::: DATA SEGMENT :::

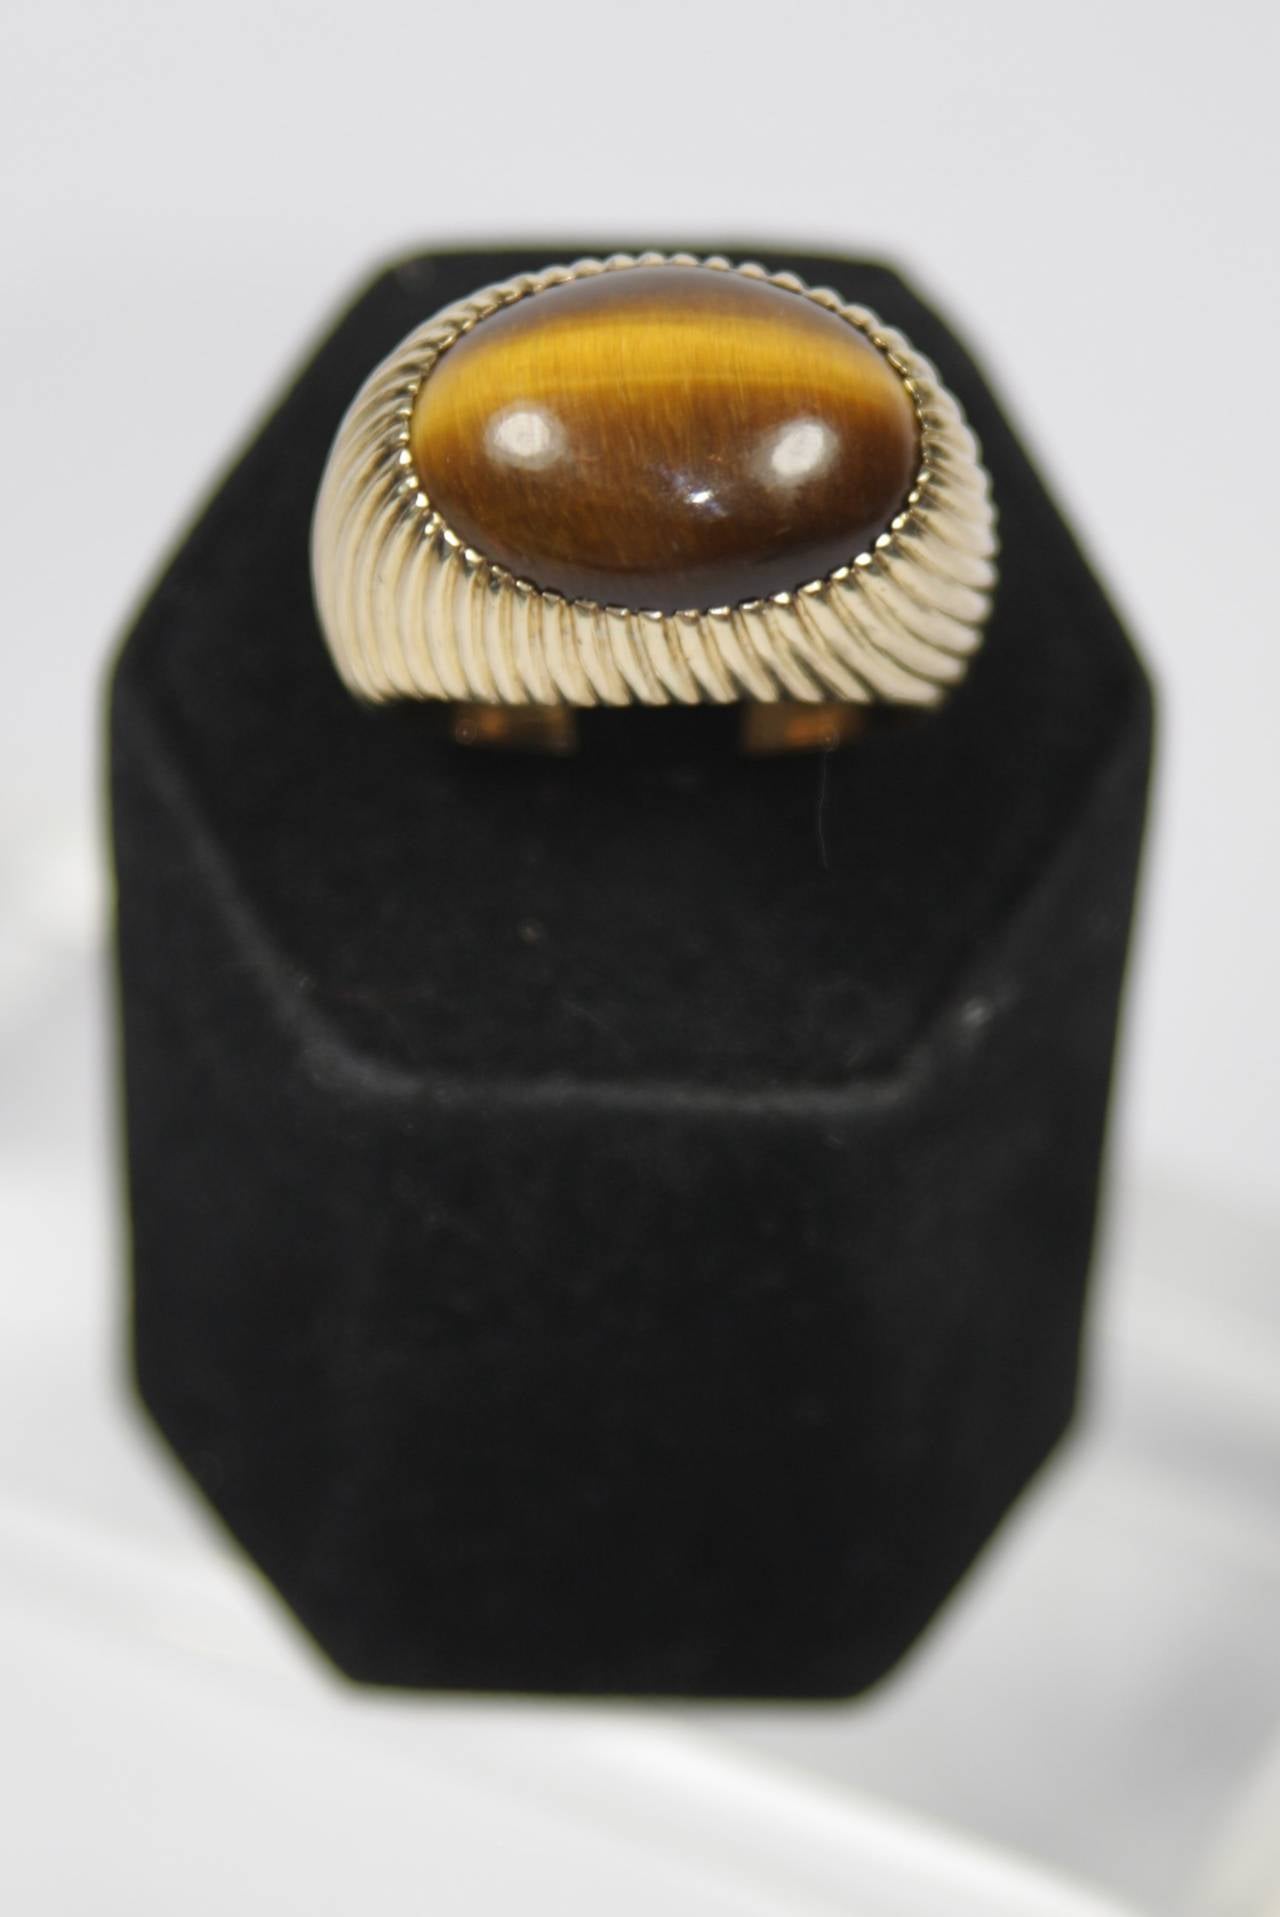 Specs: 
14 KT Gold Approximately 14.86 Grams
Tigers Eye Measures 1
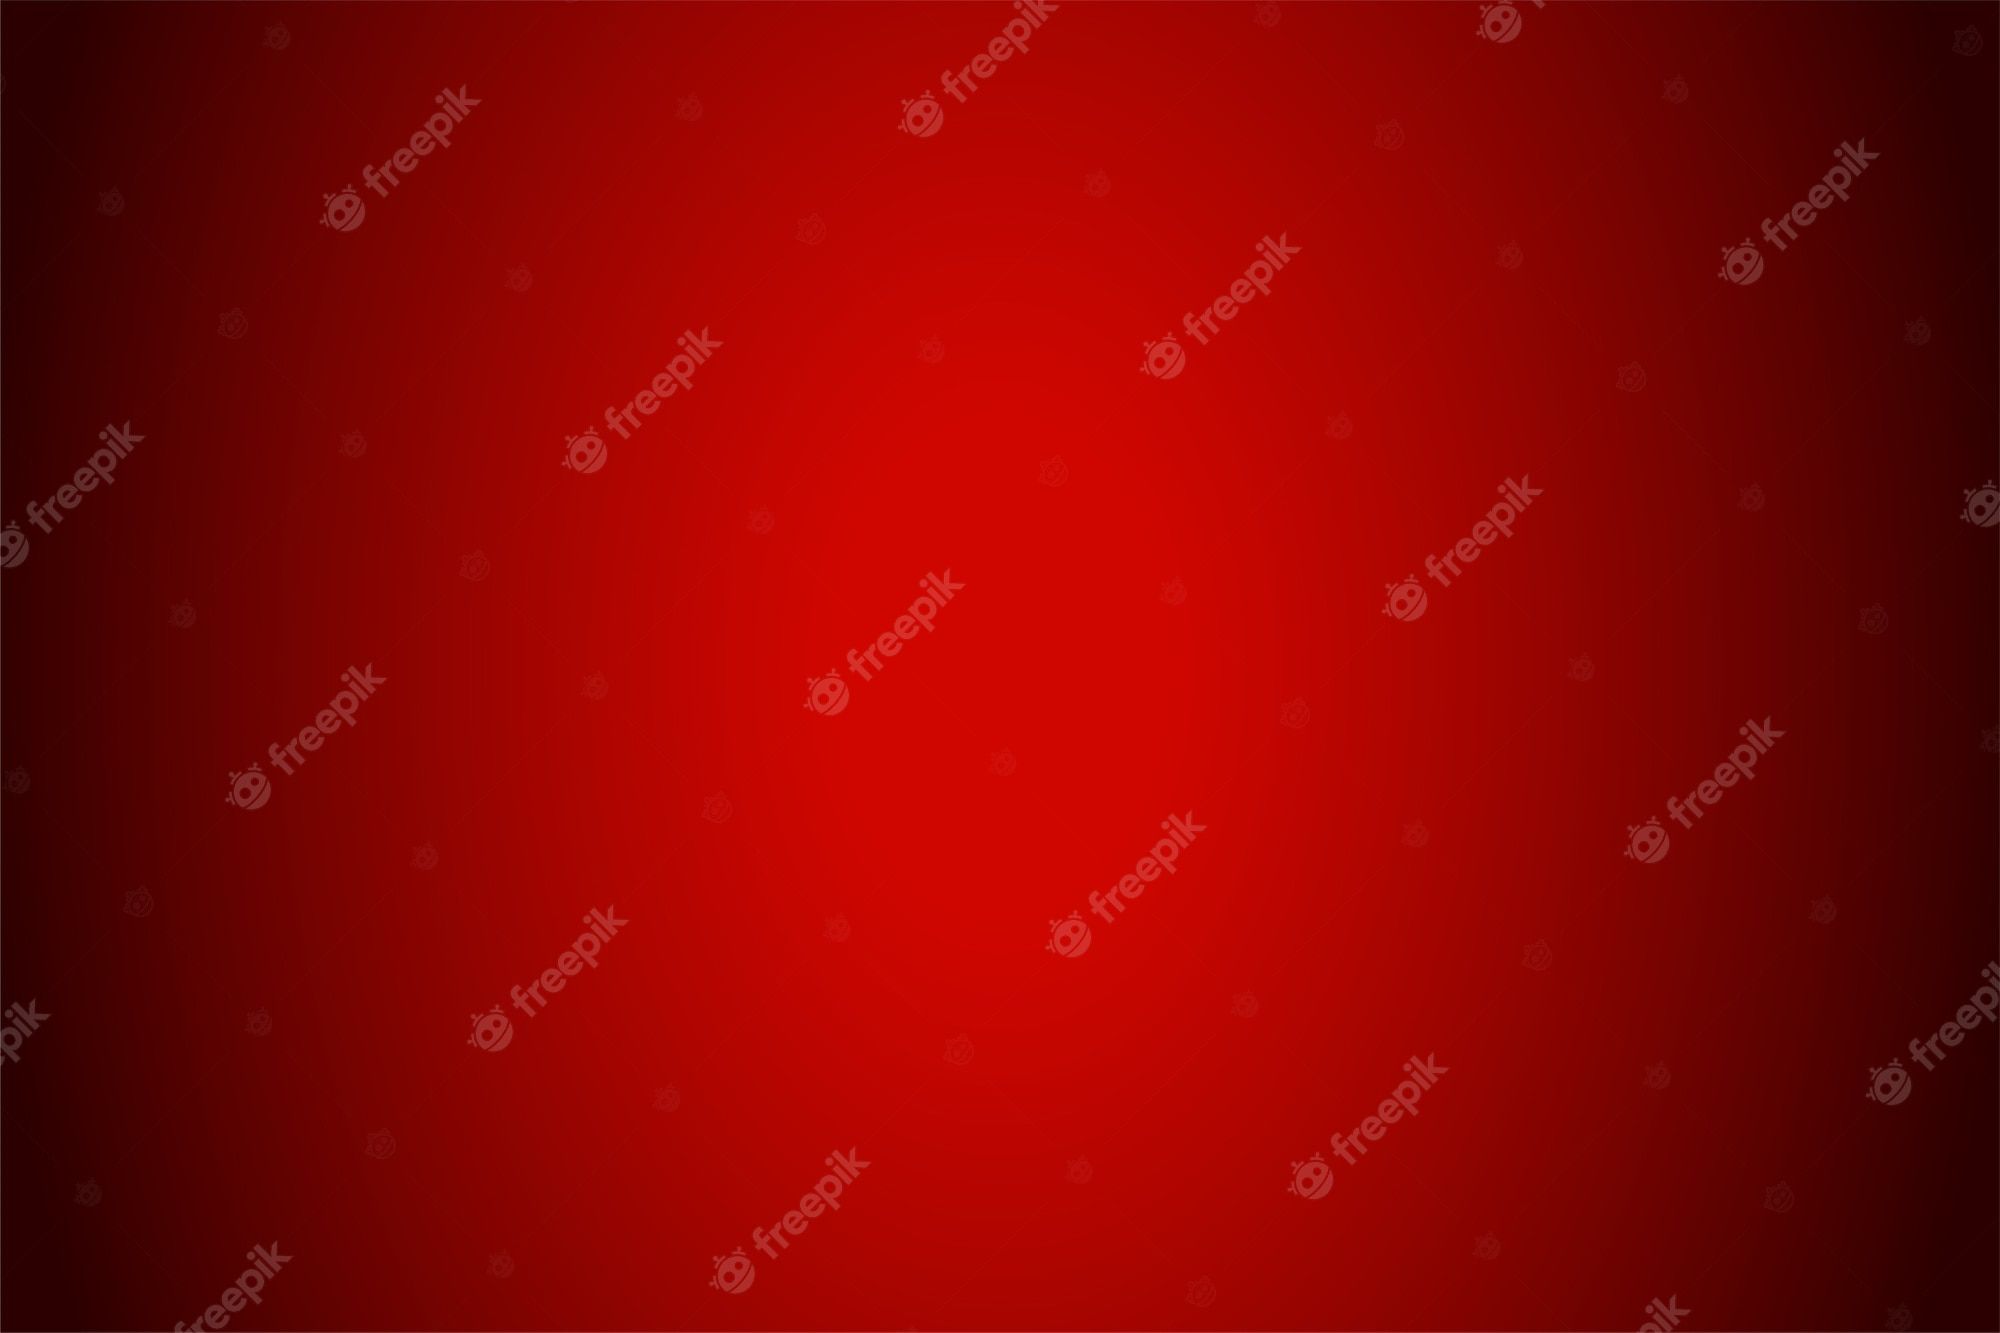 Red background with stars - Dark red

:::

■ WORK ORDER
Here the lines from the one containing "Tigers Eye Measures 1" through the end of the material are to be copied exactly, with the pictures omitted.

■ SOLUTION
Tigers Eye Measures 1
 Red background with stars - Dark red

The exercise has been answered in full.